Loan decisions are made in less than a week. You will receive an SMS on your registered mobile number as soon as we make a decision.

HomeFirst does not charge any prepayment fees. This applies to both partial and full repayments. In fact, we have a special Auto-Prepay feature to facilitate this process for you.

HomeFirst offers loan tenures between 1 year to 25 years. If you opt for a longer tenure, you can get the advantage of a lower EMI each month.

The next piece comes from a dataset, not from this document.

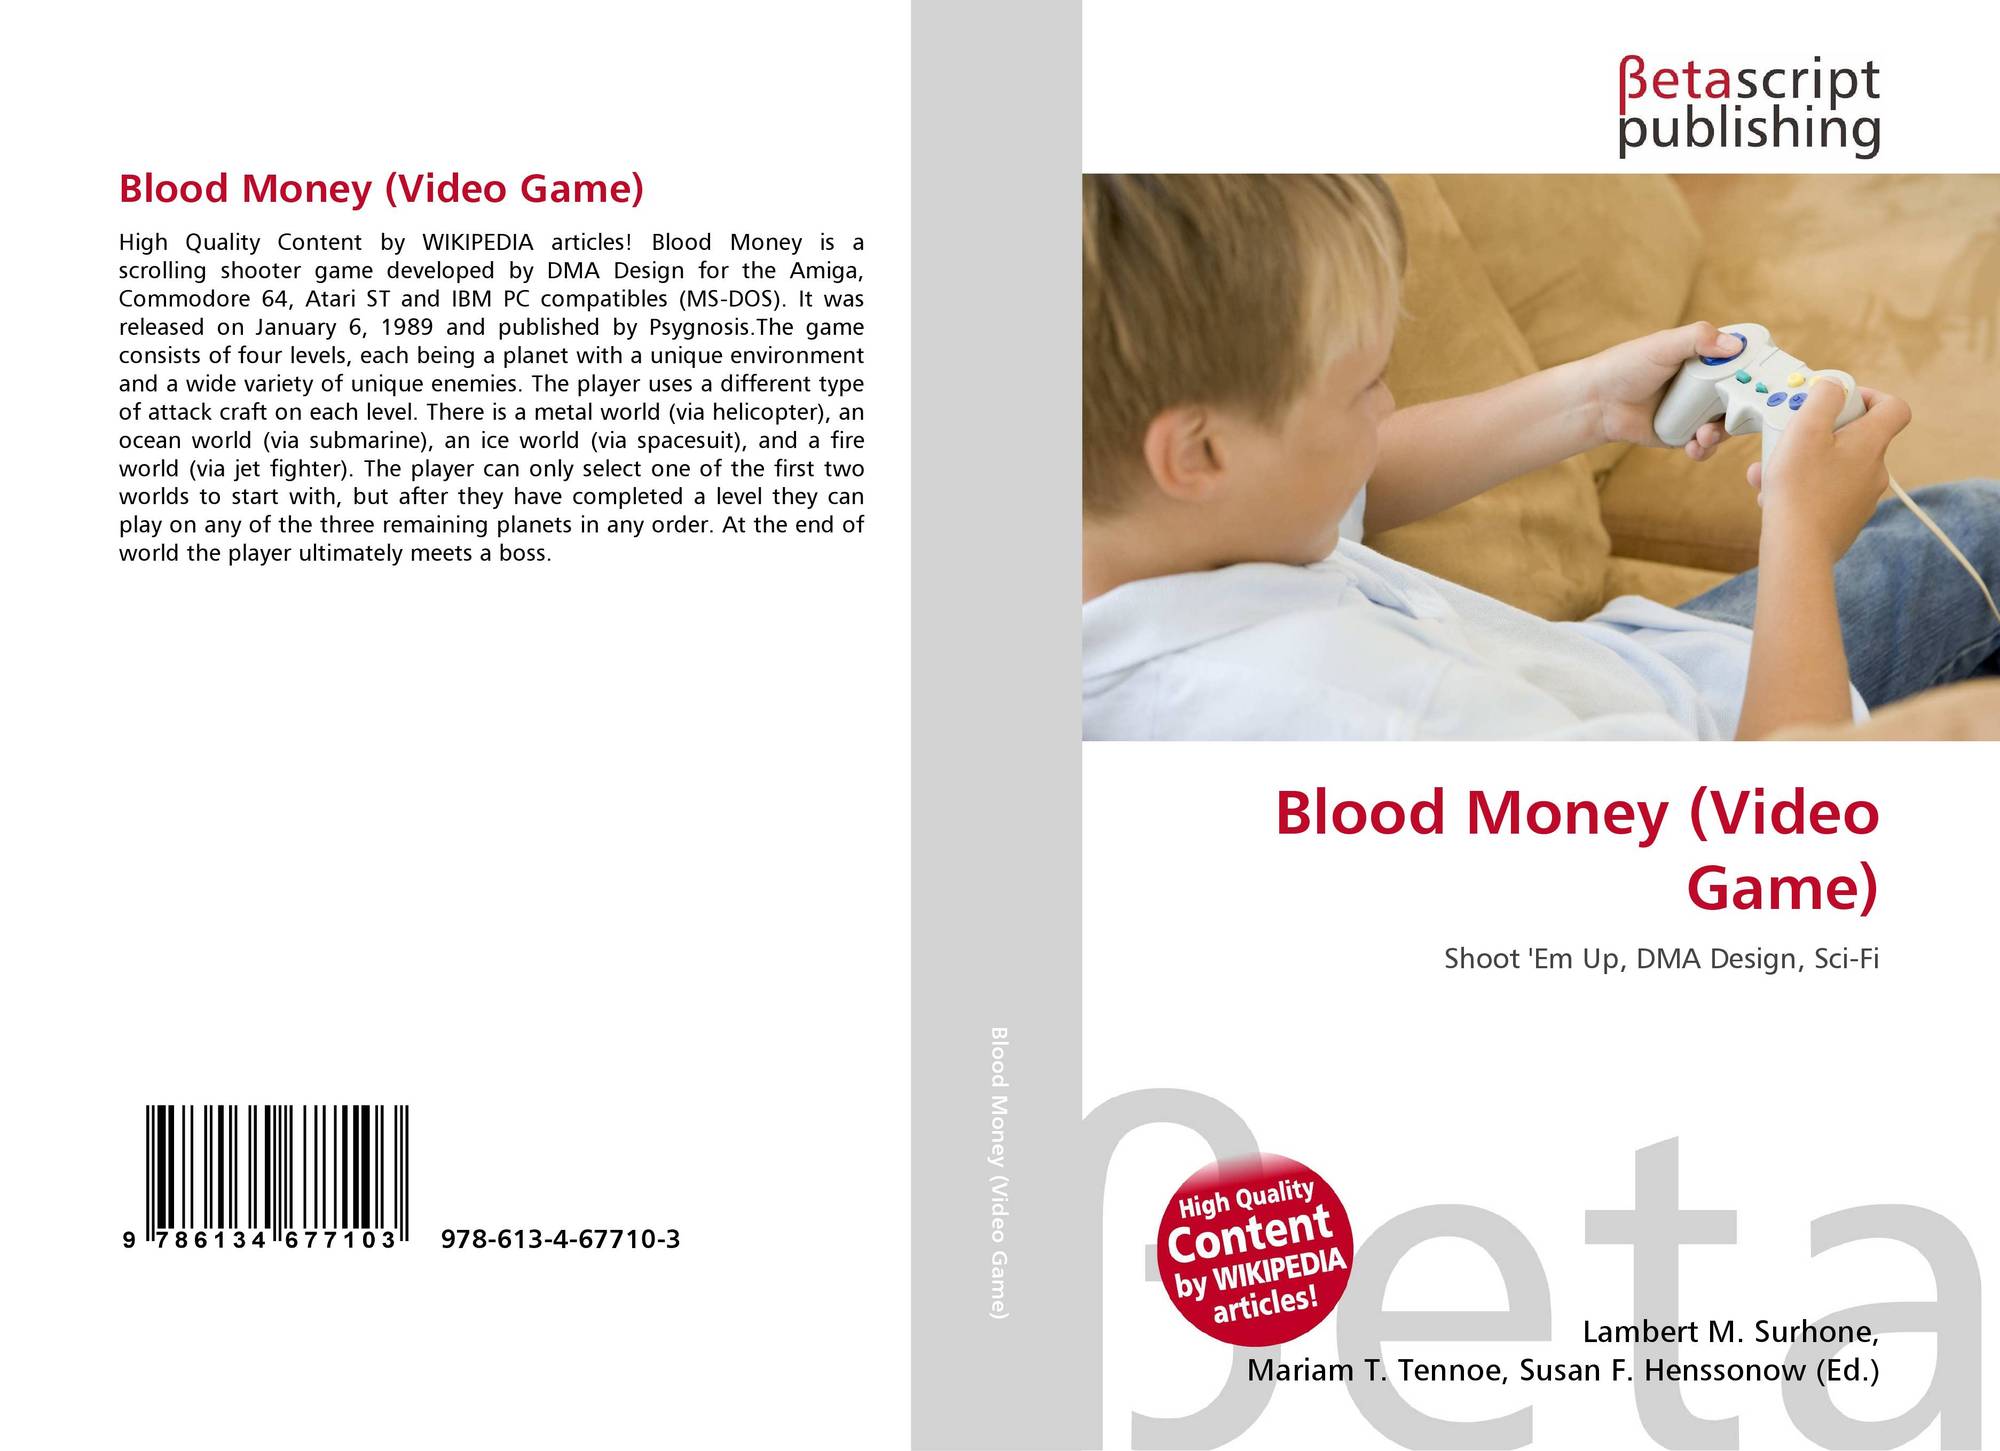 Blood Money Video Game 978 613 4 67710 3 6134677108 9786134677103 - bookcover of blood money video game 9786134677103

HomeFirst can provide finance up to 90% of the property value. The balance has to be arranged by you from other sources. Please note: 90% financing is only available for loans amounting to less than Rs. 30 lakhs.

All co-owners of the property have to be co-applicants to the loan. A person who is not a co-owner can also become a co-applicant to the loan.

During the construction phase, HomeFirst will disburse funds to the builder on your behalf. These will be based on payment requests made by the builder as per the construction schedule.

HomeFirst will charge interest only on the amount disbursed as loan during the construction phase. In this period, interest is charged only on the disbursed loan amount. For example, if you have a sanctioned loan of Rs 10 lakhs, but the property is under construction and we have disbursed only Rs 4 lakhs, you will be charged interest only on 4 lakhs. These interest payments are referred to as pre-EMI interest payments.

EMI payments will start only after completion of the project and registration of the property.

All cheques to HomeFirst should be written out in favor of ‘Home First Finance Company India Limited’.

In the event of an unfortunate incident, home loan insurance will help you or your family pay off the home loan. This ensures that the burden does not suddenly fall upon family members at a bad time.